Problem details: Could you reproduce every record below exactly as it stands?

======== Task inputs

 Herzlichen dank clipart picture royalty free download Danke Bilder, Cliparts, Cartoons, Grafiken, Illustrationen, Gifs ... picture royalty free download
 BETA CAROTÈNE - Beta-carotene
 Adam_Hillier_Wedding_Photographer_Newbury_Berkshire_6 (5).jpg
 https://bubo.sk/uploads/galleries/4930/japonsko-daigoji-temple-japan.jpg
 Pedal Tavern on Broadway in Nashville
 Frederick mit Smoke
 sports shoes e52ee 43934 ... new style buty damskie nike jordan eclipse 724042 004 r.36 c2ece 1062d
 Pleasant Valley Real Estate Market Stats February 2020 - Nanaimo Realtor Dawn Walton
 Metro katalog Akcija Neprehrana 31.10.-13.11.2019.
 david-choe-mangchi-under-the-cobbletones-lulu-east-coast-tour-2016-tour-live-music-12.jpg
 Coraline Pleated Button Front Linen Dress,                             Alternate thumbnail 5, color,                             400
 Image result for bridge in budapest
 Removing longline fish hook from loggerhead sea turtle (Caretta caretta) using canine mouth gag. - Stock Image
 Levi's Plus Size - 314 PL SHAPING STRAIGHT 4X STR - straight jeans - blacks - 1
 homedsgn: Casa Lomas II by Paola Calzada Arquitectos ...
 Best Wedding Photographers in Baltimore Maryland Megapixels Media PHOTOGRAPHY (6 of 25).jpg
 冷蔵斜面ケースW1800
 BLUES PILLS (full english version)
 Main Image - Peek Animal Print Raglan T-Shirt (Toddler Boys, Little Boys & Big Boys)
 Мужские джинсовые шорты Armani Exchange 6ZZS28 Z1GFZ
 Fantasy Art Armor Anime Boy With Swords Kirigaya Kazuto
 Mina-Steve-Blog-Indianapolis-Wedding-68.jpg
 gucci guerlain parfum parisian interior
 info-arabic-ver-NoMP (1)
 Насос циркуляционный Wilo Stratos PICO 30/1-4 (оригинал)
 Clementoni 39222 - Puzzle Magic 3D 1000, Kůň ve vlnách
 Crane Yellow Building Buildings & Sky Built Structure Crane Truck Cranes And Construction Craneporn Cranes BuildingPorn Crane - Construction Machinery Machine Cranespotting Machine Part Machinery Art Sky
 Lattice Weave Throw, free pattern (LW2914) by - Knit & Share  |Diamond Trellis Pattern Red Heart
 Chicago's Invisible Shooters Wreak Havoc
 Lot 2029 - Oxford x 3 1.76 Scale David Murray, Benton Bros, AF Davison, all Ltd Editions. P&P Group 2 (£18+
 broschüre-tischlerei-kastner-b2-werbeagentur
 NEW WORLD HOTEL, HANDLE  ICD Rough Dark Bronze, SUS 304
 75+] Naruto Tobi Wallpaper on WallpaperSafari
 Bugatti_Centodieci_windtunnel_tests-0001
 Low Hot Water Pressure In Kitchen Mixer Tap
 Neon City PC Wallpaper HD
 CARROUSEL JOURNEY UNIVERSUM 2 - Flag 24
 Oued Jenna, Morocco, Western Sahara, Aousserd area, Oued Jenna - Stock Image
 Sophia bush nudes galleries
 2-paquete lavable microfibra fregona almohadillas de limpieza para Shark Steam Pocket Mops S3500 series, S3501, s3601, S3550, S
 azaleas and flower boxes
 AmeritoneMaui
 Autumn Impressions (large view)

================

Answer section:
 Herzlichen dank clipart picture royalty free download Danke Bilder, Cliparts, Cartoons, Grafiken, Illustrationen, Gifs ... picture royalty free download
 BETA CAROTÈNE - Beta-carotene
 Adam_Hillier_Wedding_Photographer_Newbury_Berkshire_6 (5).jpg
 https://bubo.sk/uploads/galleries/4930/japonsko-daigoji-temple-japan.jpg
 Pedal Tavern on Broadway in Nashville
 Frederick mit Smoke
 sports shoes e52ee 43934 ... new style buty damskie nike jordan eclipse 724042 004 r.36 c2ece 1062d
 Pleasant Valley Real Estate Market Stats February 2020 - Nanaimo Realtor Dawn Walton
 Metro katalog Akcija Neprehrana 31.10.-13.11.2019.
 david-choe-mangchi-under-the-cobbletones-lulu-east-coast-tour-2016-tour-live-music-12.jpg
 Coraline Pleated Button Front Linen Dress,                             Alternate thumbnail 5, color,                             400
 Image result for bridge in budapest
 Removing longline fish hook from loggerhead sea turtle (Caretta caretta) using canine mouth gag. - Stock Image
 Levi's Plus Size - 314 PL SHAPING STRAIGHT 4X STR - straight jeans - blacks - 1
 homedsgn: Casa Lomas II by Paola Calzada Arquitectos ...
 Best Wedding Photographers in Baltimore Maryland Megapixels Media PHOTOGRAPHY (6 of 25).jpg
 冷蔵斜面ケースW1800
 BLUES PILLS (full english version)
 Main Image - Peek Animal Print Raglan T-Shirt (Toddler Boys, Little Boys & Big Boys)
 Мужские джинсовые шорты Armani Exchange 6ZZS28 Z1GFZ
 Fantasy Art Armor Anime Boy With Swords Kirigaya Kazuto
 Mina-Steve-Blog-Indianapolis-Wedding-68.jpg
 gucci guerlain parfum parisian interior
 info-arabic-ver-NoMP (1)
 Насос циркуляционный Wilo Stratos PICO 30/1-4 (оригинал)
 Clementoni 39222 - Puzzle Magic 3D 1000, Kůň ve vlnách
 Crane Yellow Building Buildings & Sky Built Structure Crane Truck Cranes And Construction Craneporn Cranes BuildingPorn Crane - Construction Machinery Machine Cranespotting Machine Part Machinery Art Sky
 Lattice Weave Throw, free pattern (LW2914) by - Knit & Share  |Diamond Trellis Pattern Red Heart
 Chicago's Invisible Shooters Wreak Havoc
 Lot 2029 - Oxford x 3 1.76 Scale David Murray, Benton Bros, AF Davison, all Ltd Editions. P&P Group 2 (£18+
 broschüre-tischlerei-kastner-b2-werbeagentur
 NEW WORLD HOTEL, HANDLE  ICD Rough Dark Bronze, SUS 304
 75+] Naruto Tobi Wallpaper on WallpaperSafari
 Bugatti_Centodieci_windtunnel_tests-0001
 Low Hot Water Pressure In Kitchen Mixer Tap
 Neon City PC Wallpaper HD
 CARROUSEL JOURNEY UNIVERSUM 2 - Flag 24
 Oued Jenna, Morocco, Western Sahara, Aousserd area, Oued Jenna - Stock Image
 Sophia bush nudes galleries
 2-paquete lavable microfibra fregona almohadillas de limpieza para Shark Steam Pocket Mops S3500 series, S3501, s3601, S3550, S
 azaleas and flower boxes
 AmeritoneMaui
 Autumn Impressions (large view)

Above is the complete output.